Contrasting Effects of Inhibitors Li+ and Be2+ on Catalytic Cycle of Glycogen Synthase Kinase-3β

Ionic lithium shows rare effectiveness for treating bipolar disorder and is a promising drug for treating neurodegenerative diseases. Unfortunately, lithium suffers from significant drawbacks as a drug, mainly a narrow therapeutic window. Among the different targets of lithium, glycogen synthase kinase 3β (GSK-3β) might be the one responsible for its therapeutic effects. Developing alternative, selective inhibitors of this kinase could avoid lithium side effects, but efforts to do so have met little success so far. A detailed, atomistic understanding of Li+ inhibition and a more detailed understanding of the phosphorylation reaction GSK-3β catalyzes would therefore facilitate the development of new drugs. In this study, we use extensive sampling of catalytic states with our mixed quantum-classical dynamics method QM/DMD and binding affinities from a competitive metal affinity (CMA) approach to fill out the atomic scale picture of Li+ GSK-3β inhibition. We compare Li+ action with Be2+, another known inhibitor, and find our results in agreement with in-vitro kinetics studies.
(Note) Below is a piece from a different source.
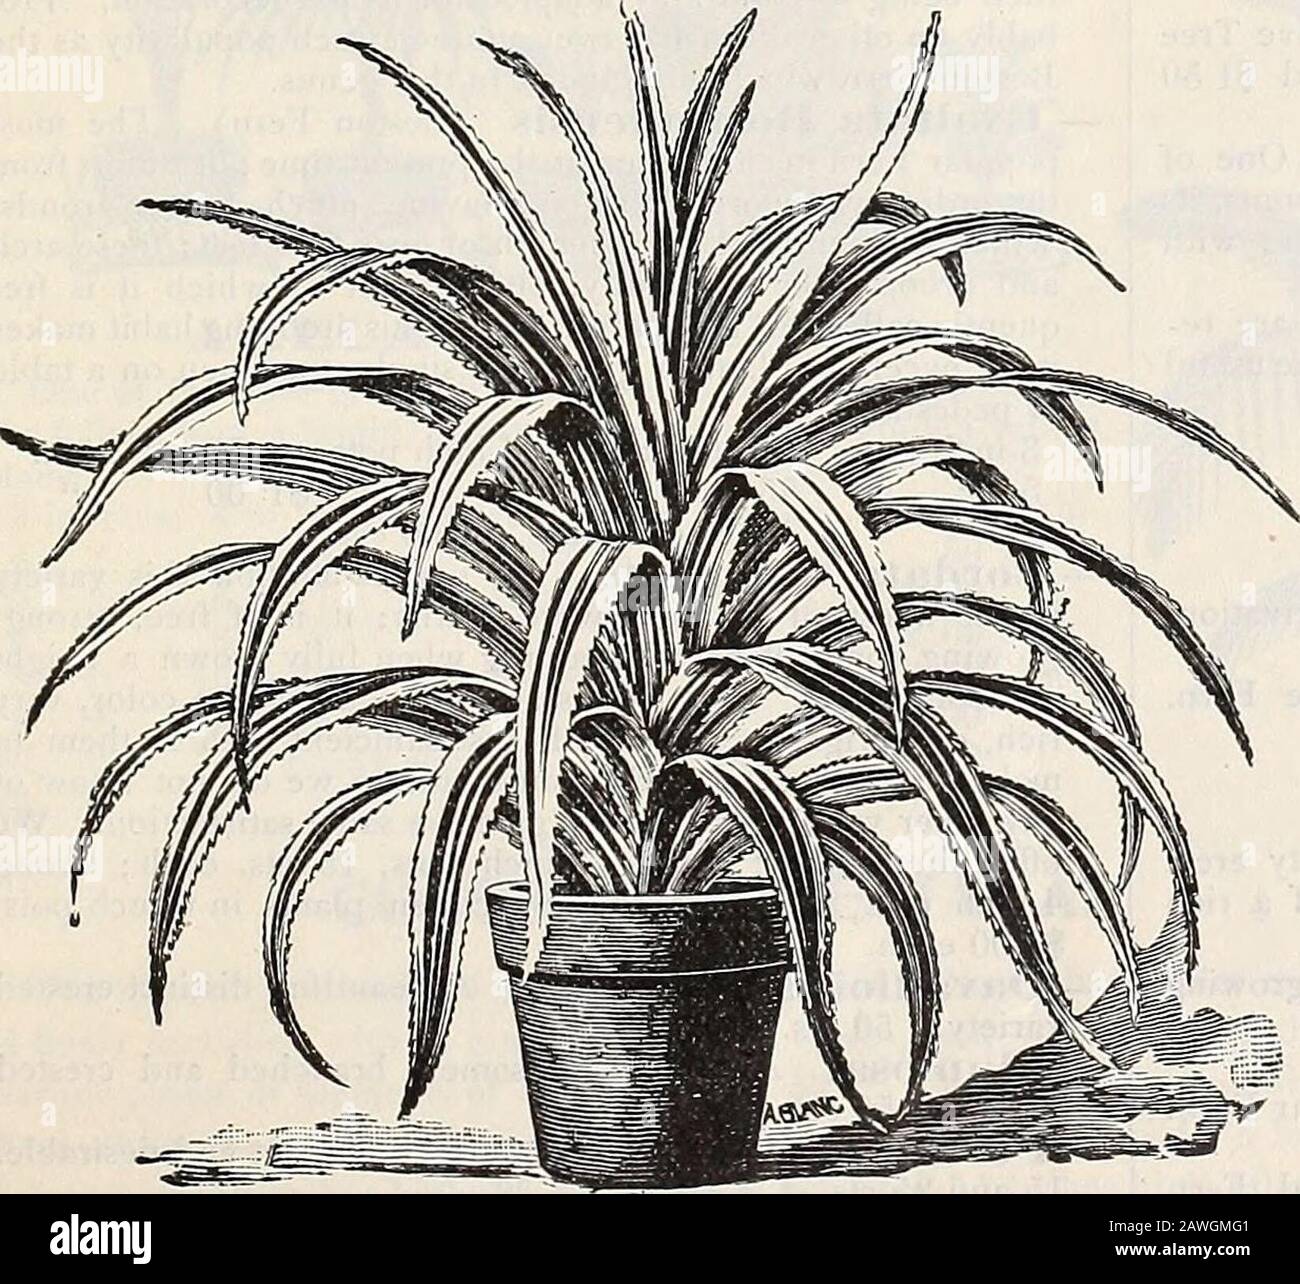 Dreer's autumn catalogue : 1899 bulbs plants, seeds, etc . Dkac.Ena Godseffiana. Drac.«na Lindeni. PANDANUS (Screw Pine). Utilis. This is one of tliemost useful of our ornamentalfoliage plants; excellent forthe centre of vases and bas-kets, or grown as a singlespecimen. Each. 3-in. pots, 8 in. high...$0 25 5 15 ... 1 00 6 18 ... 1 50 Veitclii. This is one of themost attractive of decorativeplants. The leaves are lightgreen, beautifully markedwith broad stripes of purewhite, and gracefully curved. Each.4-in. pots, 12 in. high . .. $1 OO 5 • 15 1 50 6 18 2 00. Pandanus Veitch:. MACROZAMFA ELEQAN Stock Photo

Ultimately, our simulations show that Li+ inhibition is driven primarily by directly decreasing the reaction rate of the phosphorylation step, rather than reducing catalytic turnover through tight binding to different GSK-3β states like Be2+ inhibition. The effect of these metals derive from electrostatic differences and especially their smaller atomic radii compared to the native Mg2+ and thus provides insight for the development of GSK-3β inhibitors based on other paradigms.